Won Completes First Weekly Advance in Five After Yen Surges

The won completed its first weekly gain in five as a surging yen brightened the outlook for South Korean exporters. Government bonds fell this week on speculation the Federal Reserve will taper its debt-purchase program.

The yen rose against the dollar by the most in three years yesterday, easing the pressure on South Korean companies such as Hyundai Motor Co. that compete against Japanese rivals in international markets. The Dollar Index, which measures the greenback against six major trading partners, fell today after dropping 1.3 percent yesterday. U.S. payrolls data due today may provide an indication on whether the Fed will reduce its bond buying that has spurred fund flows to emerging markets.

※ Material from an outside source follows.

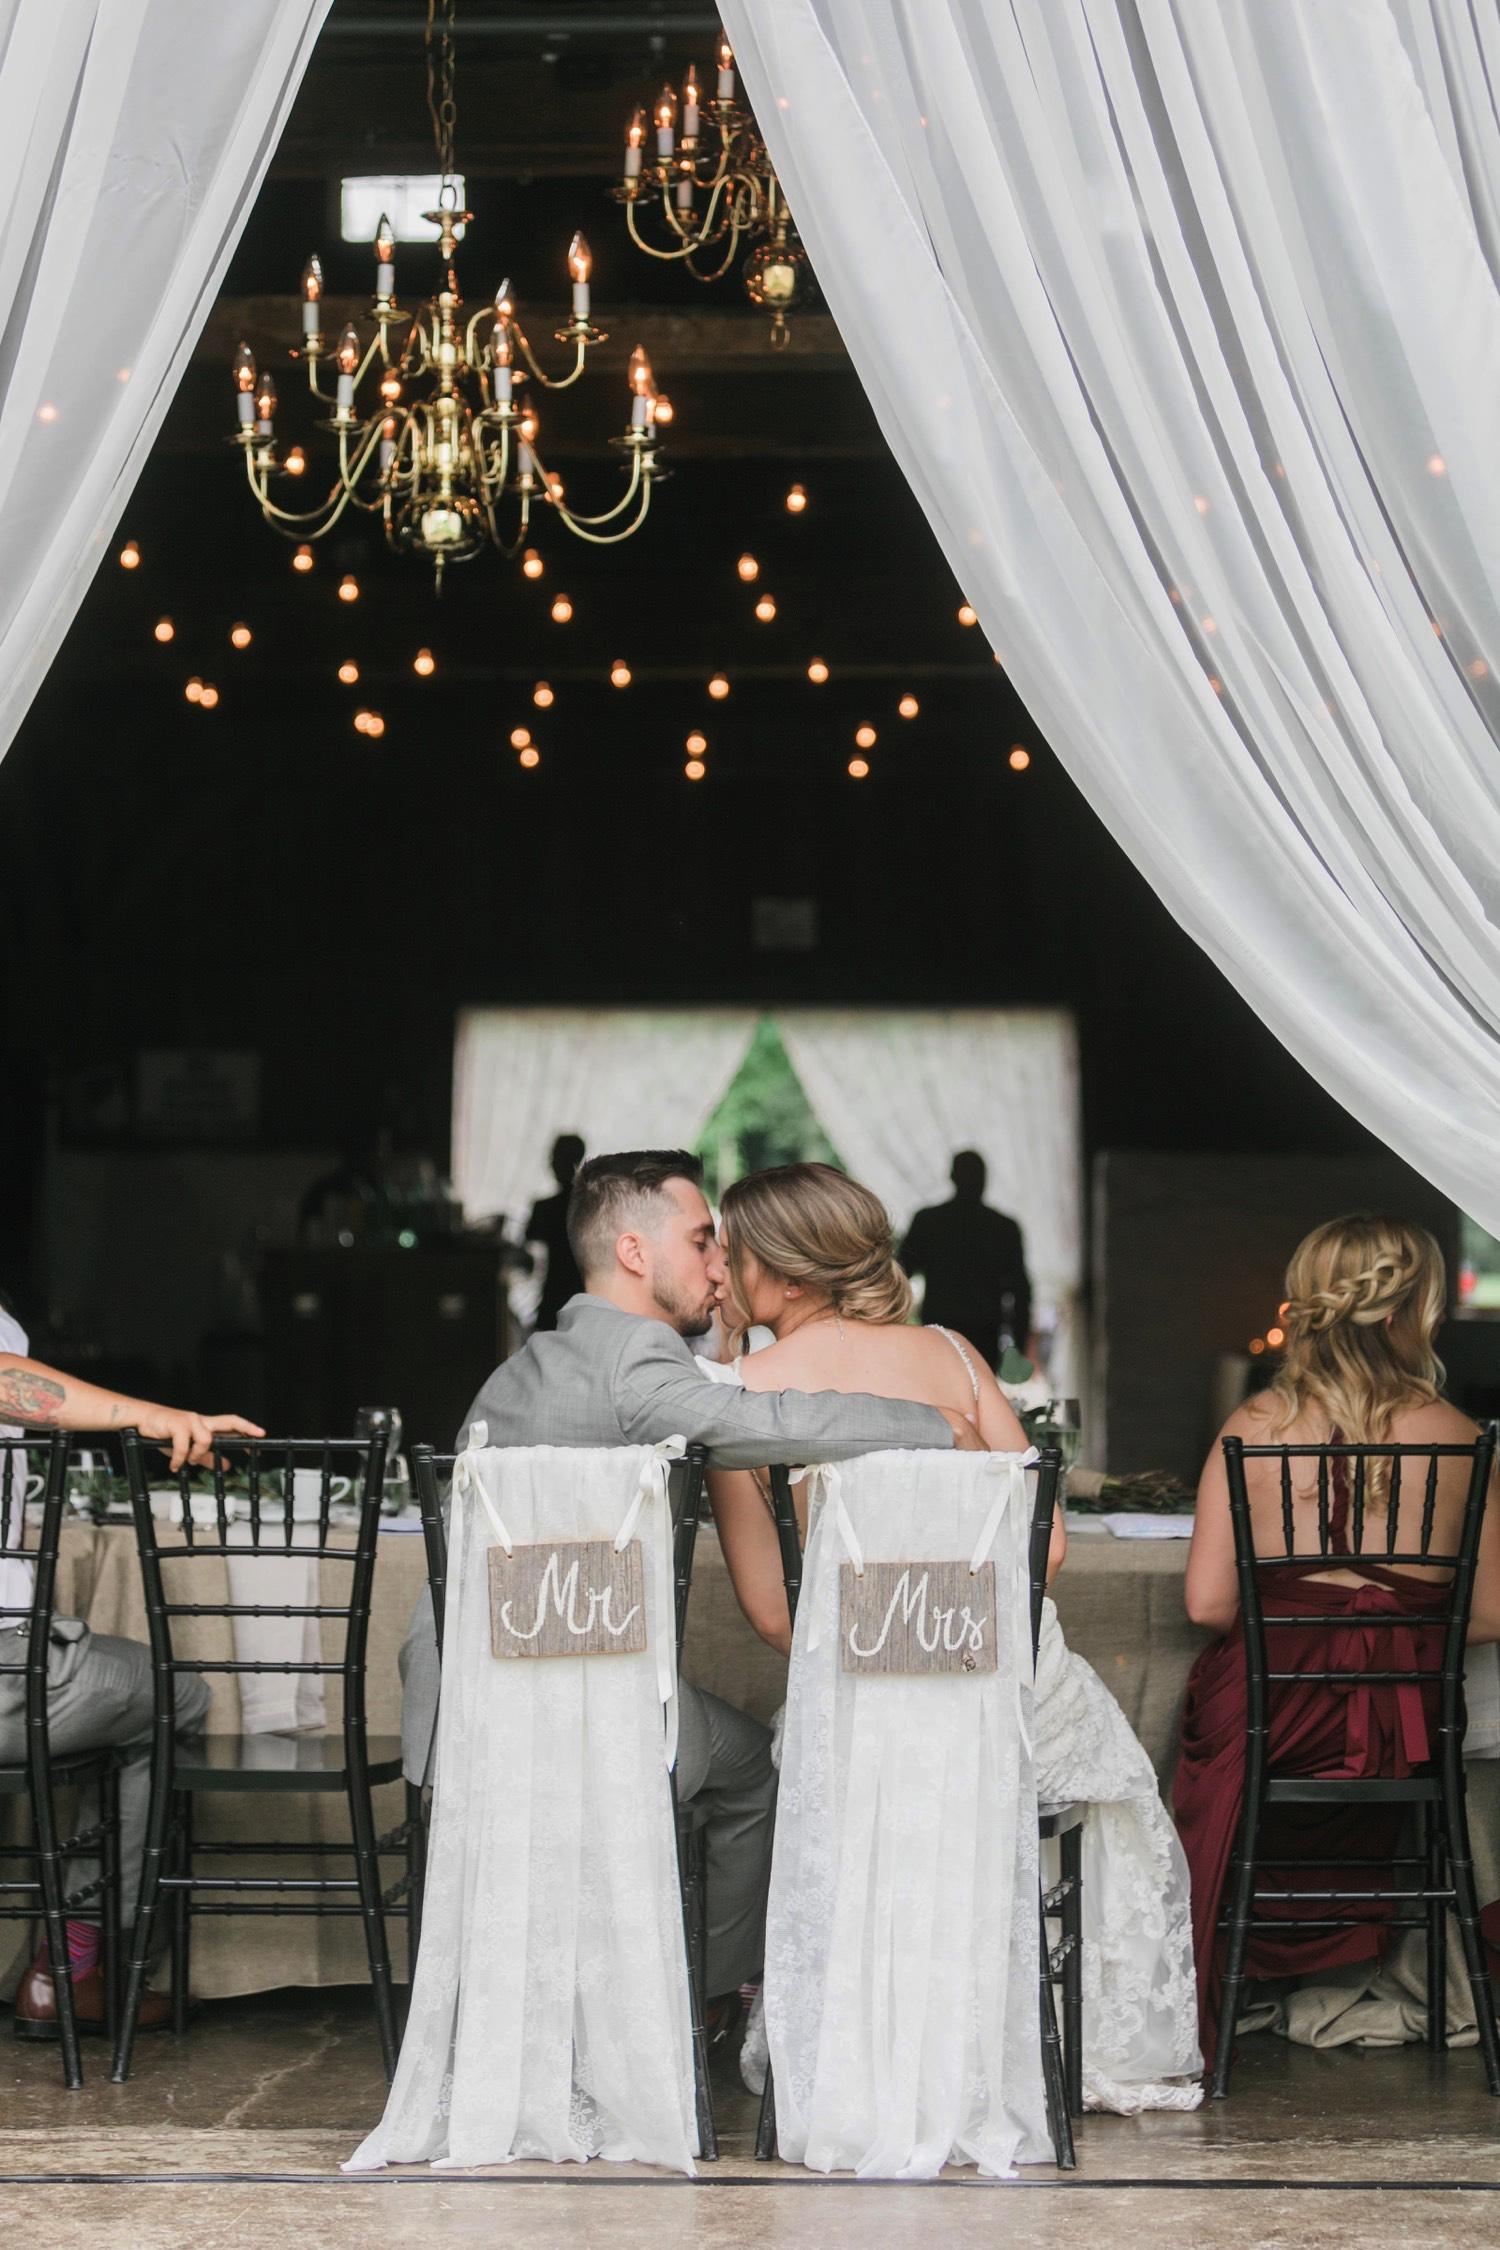 000038_Sam + Jesse - BLOG-00065_Niagara_Wedding_Photography_Daniel_Ricci_Balls_falls_Wedding.jpg

“The weak yen against the dollar was excessive so investors unwinded their short positions” on the Japanese currency, said Son Eun Jeong, an analyst at Woori Futures Co. in Seoul. “The strong dollar dwindled a bit as investors are waiting for the U.S. jobs data to determine the Fed’s exit strategy.” A short position is a bet a currency or security will decline.

The won rose 1.1 percent this week to 1,116.79 per dollar in Seoul, snapping a fourth weekly decline, according to data compiled by Bloomberg. The currency fell 0.1 percent today from June 5 after advancing as much as 0.7 percent earlier. South Korean markets were closed on June 6 for a public holiday.

The yen strengthened 3.8 percent to 96.77 per dollar this week, paring its decline over the past 12 months to 18 percent, according to data compiled by Bloomberg. The won has dropped 2.6 percent against the Japanese currency since May 31.

Volatility, Bonds

One-month implied volatility in the won, a measure of expected moves in the exchange rate used to price options, rose three basis points, or 0.03 percentage point, this week, and 38 basis points today to 9.23 percent.

The won weakened 2.5 percent against the dollar in May as Fed Chairman Ben S. Bernanke told Congress the central bank could reduce its $85 billion in monthly bond purchases if the U.S. jobs market improves in a “real and sustainable way.”

South Korea’s gross domestic product increased 1.5 percent in the first quarter from a year earlier, the same as in the preceding three months, according to a revised report released today in Seoul.

The yield on the 2.75 percent bonds due March 2018 rose three basis points this week and fell five basis points today to 2.92 percent, prices from Korea Exchange Inc. show. The yield reached 2.97 percent on June 5, the highest level for a benchmark five-year security in five months.